What is expected – In the data, find the word "Oversized" and copy out every line that has it.

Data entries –
• • • • • • •
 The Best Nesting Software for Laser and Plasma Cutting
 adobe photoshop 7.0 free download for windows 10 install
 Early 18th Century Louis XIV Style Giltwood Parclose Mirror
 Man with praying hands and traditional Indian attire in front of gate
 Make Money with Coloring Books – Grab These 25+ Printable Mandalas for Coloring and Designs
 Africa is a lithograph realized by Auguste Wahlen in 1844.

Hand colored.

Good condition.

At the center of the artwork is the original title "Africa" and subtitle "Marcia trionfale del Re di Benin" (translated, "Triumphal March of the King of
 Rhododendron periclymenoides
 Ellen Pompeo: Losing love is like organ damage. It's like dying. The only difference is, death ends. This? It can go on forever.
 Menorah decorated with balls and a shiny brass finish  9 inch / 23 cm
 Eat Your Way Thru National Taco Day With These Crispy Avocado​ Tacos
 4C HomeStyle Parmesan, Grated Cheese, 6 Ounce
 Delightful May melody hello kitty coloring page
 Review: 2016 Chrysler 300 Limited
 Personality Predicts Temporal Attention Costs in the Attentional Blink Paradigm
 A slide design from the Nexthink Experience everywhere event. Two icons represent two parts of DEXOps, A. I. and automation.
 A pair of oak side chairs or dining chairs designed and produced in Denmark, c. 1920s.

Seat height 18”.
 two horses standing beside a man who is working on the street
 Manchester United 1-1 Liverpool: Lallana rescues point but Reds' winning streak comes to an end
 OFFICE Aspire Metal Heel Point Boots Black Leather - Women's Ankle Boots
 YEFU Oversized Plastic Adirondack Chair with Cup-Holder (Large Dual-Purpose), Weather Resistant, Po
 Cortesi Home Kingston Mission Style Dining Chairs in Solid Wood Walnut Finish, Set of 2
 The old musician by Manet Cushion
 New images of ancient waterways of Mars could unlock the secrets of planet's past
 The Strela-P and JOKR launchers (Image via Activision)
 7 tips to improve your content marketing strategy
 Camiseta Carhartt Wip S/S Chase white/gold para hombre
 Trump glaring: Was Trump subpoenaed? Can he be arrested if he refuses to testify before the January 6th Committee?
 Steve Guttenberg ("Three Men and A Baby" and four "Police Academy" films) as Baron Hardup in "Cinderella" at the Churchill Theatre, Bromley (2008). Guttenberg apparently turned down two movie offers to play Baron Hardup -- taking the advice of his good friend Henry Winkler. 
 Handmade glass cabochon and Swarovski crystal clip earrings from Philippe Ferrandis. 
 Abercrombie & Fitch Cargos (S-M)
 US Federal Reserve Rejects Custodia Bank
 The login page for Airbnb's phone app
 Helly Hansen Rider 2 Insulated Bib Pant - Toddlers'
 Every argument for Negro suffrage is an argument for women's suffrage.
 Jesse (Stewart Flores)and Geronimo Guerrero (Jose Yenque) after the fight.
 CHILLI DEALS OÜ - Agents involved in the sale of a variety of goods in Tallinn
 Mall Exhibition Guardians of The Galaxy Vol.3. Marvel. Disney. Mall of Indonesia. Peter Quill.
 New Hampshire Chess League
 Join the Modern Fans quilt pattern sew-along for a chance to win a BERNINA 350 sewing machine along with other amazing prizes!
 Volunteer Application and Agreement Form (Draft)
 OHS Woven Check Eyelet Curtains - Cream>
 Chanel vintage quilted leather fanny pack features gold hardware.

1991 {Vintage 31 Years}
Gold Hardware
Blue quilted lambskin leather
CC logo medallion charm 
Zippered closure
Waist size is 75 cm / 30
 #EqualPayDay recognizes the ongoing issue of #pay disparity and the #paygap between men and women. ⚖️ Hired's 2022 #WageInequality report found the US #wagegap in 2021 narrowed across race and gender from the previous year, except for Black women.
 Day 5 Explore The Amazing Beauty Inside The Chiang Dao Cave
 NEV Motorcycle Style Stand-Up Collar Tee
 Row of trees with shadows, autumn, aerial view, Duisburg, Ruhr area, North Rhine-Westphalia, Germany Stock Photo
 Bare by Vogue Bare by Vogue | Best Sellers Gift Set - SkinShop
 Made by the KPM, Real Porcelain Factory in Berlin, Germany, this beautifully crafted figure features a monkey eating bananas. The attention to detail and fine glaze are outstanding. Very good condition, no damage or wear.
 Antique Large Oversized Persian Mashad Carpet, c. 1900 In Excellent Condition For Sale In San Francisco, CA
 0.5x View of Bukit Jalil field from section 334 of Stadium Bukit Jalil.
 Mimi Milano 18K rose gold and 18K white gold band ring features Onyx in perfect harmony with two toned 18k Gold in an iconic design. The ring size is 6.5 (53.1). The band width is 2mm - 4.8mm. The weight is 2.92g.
• • • • • • •
Answer area –
 YEFU Oversized Plastic Adirondack Chair with Cup-Holder (Large Dual-Purpose), Weather Resistant, Po
 Antique Large Oversized Persian Mashad Carpet, c. 1900 In Excellent Condition For Sale In San Francisco, CA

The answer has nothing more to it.